Kyūzō Heads for Home

Beasts Head for Home

“The corner of an eroded sand dune could be seen where the river sharply diverged to again touch the edge of town. A few slanting Korean pine trees stood there, under which lay the unknown grave of his mother. When Kyūzō was in middle school, he had examined the sand dune’s movement as part of science class. He discovered that as the dune eroded with the annual spring floods, it moved northward by twenty or thirty centimeters. Before long it would overtake his mother’s grave, swallowing it up. After several hundred years, in the sandy plains created after the sand dune had swept through, what would someone think if they came across those crumbled, yellow bones?” — Abe Kōbō

This week, our featured book is Beasts Head for Home: A Novel, by Abe Kōbō, translated by Richard F. Calichman. In April, The Guardian featured an excerpt from the novel as part of their Translation Tuesday series. Today, we are happy to present a short piece of that excerpt. You can read the excerpt in full at The Guardian.

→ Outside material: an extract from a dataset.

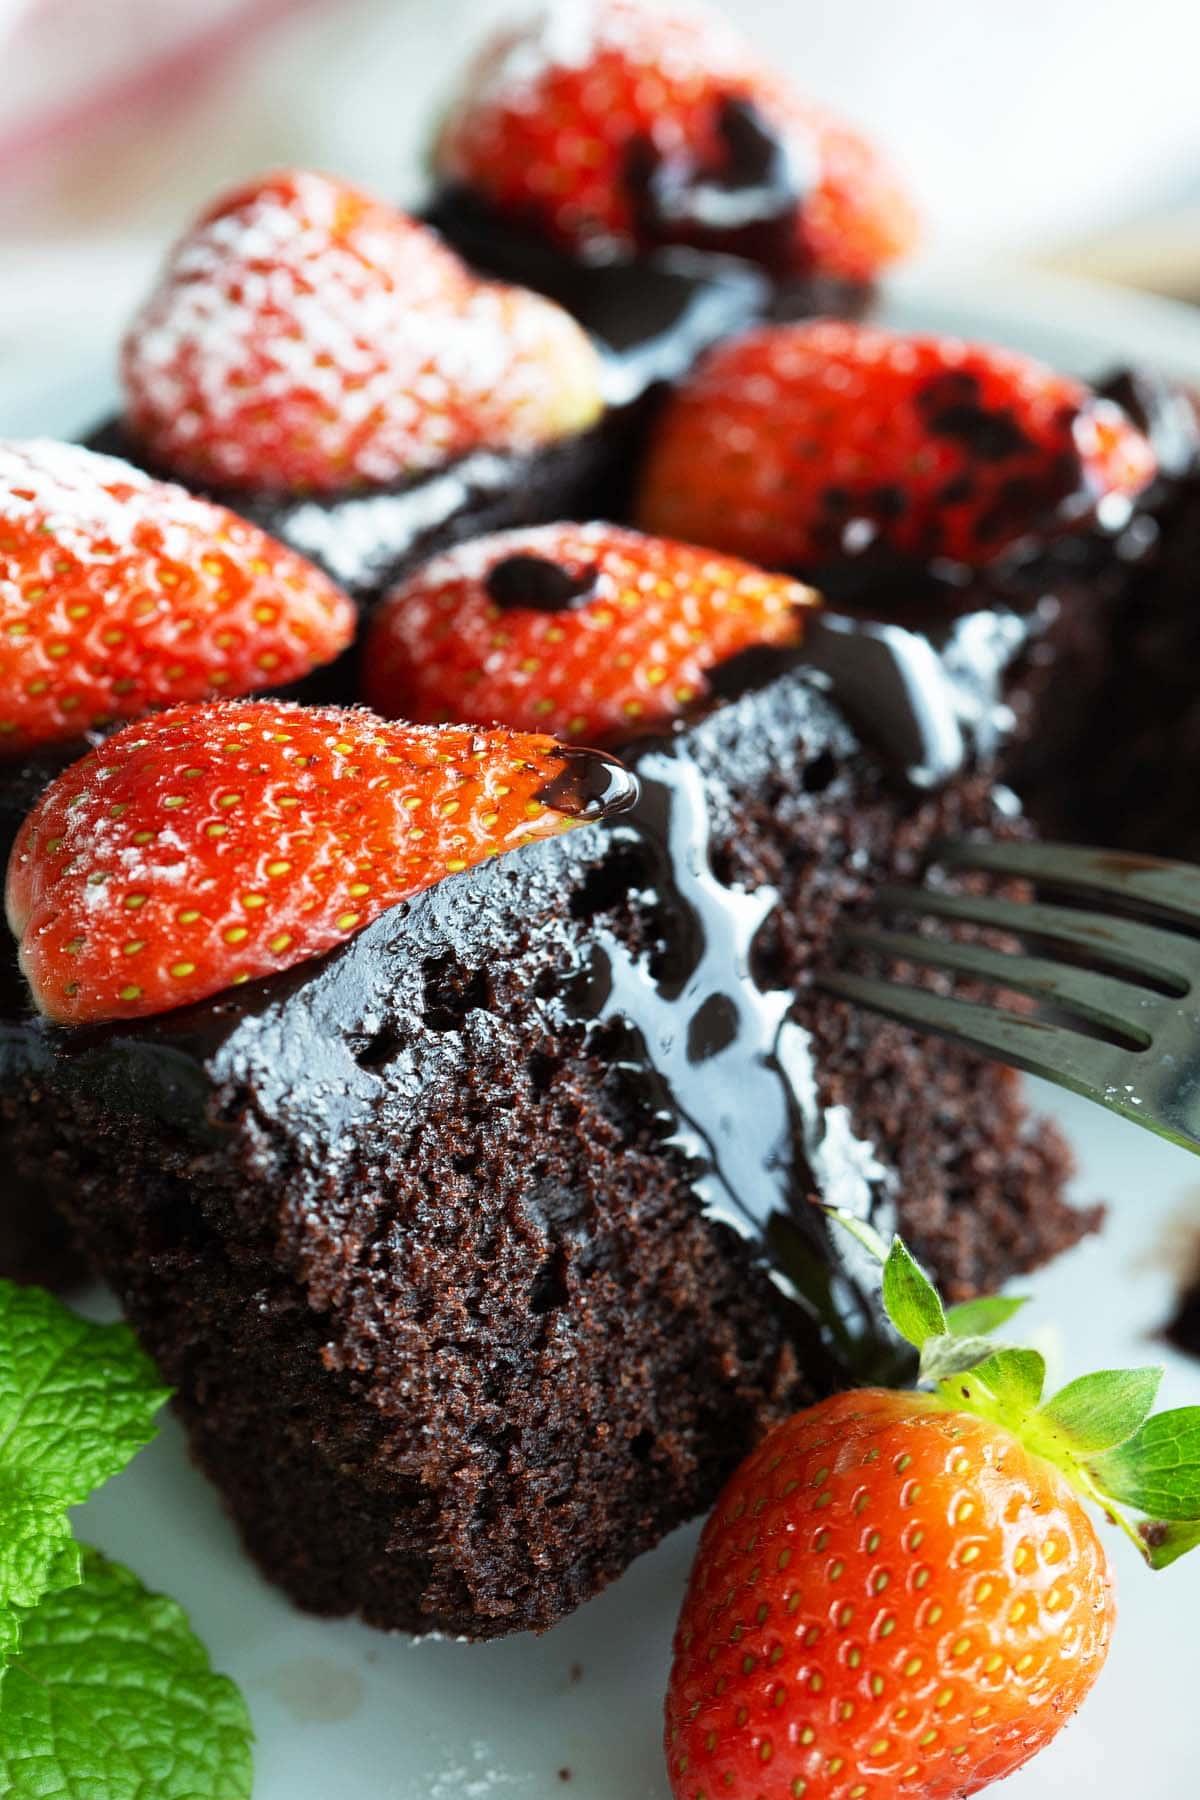 Moist chocolate cake on a plate.

Don’t forget to enter our book giveaway for a chance to win a free copy of Beasts Head for Home!

Kyūzō Heads for Home
By Abe Kōbō. Translated by Richard Calichman

Raising his head, Kyūzō saw light dimly shining in above the door. There was a hole about the size of his thumb, and a dusty light could be seen whirling about. Peeking through the hole, he noted that the fog had nearly disappeared, and that several sheets of mist that had failed to escape hovered close to the ground, moving south. By the horizon a milky white light had begun to shine.

On his left, a large patch of fog was burning off in swirls, exposing the lowland that stretched from the northwest to the southeast. This was Xinghe. Here and there the snow had become bare, revealing a surface of ice that gleamed like new sheets of zinc. Further to the right, the town of Baharin stretched out like a stockyard of black brick.

In such light, however, it would no longer be easy to change cars. Suddenly the train emitted a burst of steam. Kyūzō stood motionless, vacillating, when again he heard the sound of approaching footsteps. They stopped directly in front of him. Someone rapped on the door with a stick and spoke in Chinese, with a provincial Shandong accent, “What happened to the cargo that was supposed to have been loaded here?”

Kyūzō pulled back, unconsciously grabbing the knife handle under his jacket. The other man replied in beautiful standard Chinese, “I hear that it was cancelled because it didn’t make it on time.”

The man with the Shandong accent followed up. “I’ll need certification for that. I’m an honest man, and it would be trouble if they thought I was cheating them.”

The two men set off, laughing.

Kyūzō leaned against the door. His shoulders heaved painfully. He told himself that things would work out, but his legs would not stop trembling. He pulled out the bottle and took a sip. The liquid flowed around his teeth.

He moved one of the wooden boxes in the corner, piling it up on the outside so as to create a small hiding place. Putting his belongings down, he returned to the peephole. It was now completely bright out. This flat town that was typically colorless and filled with smoke was now fresh and vibrant, illuminated by a pale backlight. The shantytown roofs beyond the mill tank ran on one after the other. For Kyūzō, they looked like dried fish skins. In the center, the upswept roof of a tall, many-walled Lama Buddhist temple glittered with a faint green light. Straight ahead past the river lay the alley through which he had just escaped. On his right, part of the bridge could be seen, and the smokestack of the pulp factory appeared especially high. Slightly in front of that stood the factory dormitory where Kyūzō was born and raised. A single red flag fluttered softly.

(“It seems I’m finally leaving.”)

The corner of an eroded sand dune could be seen where the river sharply diverged to again touch the edge of town. A few slanting Korean pine trees stood there, under which lay the unknown grave of his mother. When Kyūzō was in middle school, he had examined the sand dune’s movement as part of science class. He discovered that as the dune eroded with the annual spring floods, it moved northward by twenty or thirty centimeters. Before long it would overtake his mother’s grave, swallowing it up. After several hundred years, in the sandy plains created after the sand dune had swept through, what would someone think if they came across those crumbled, yellow bones?

The siren began its whine. It was 7:00. Martial law was now over.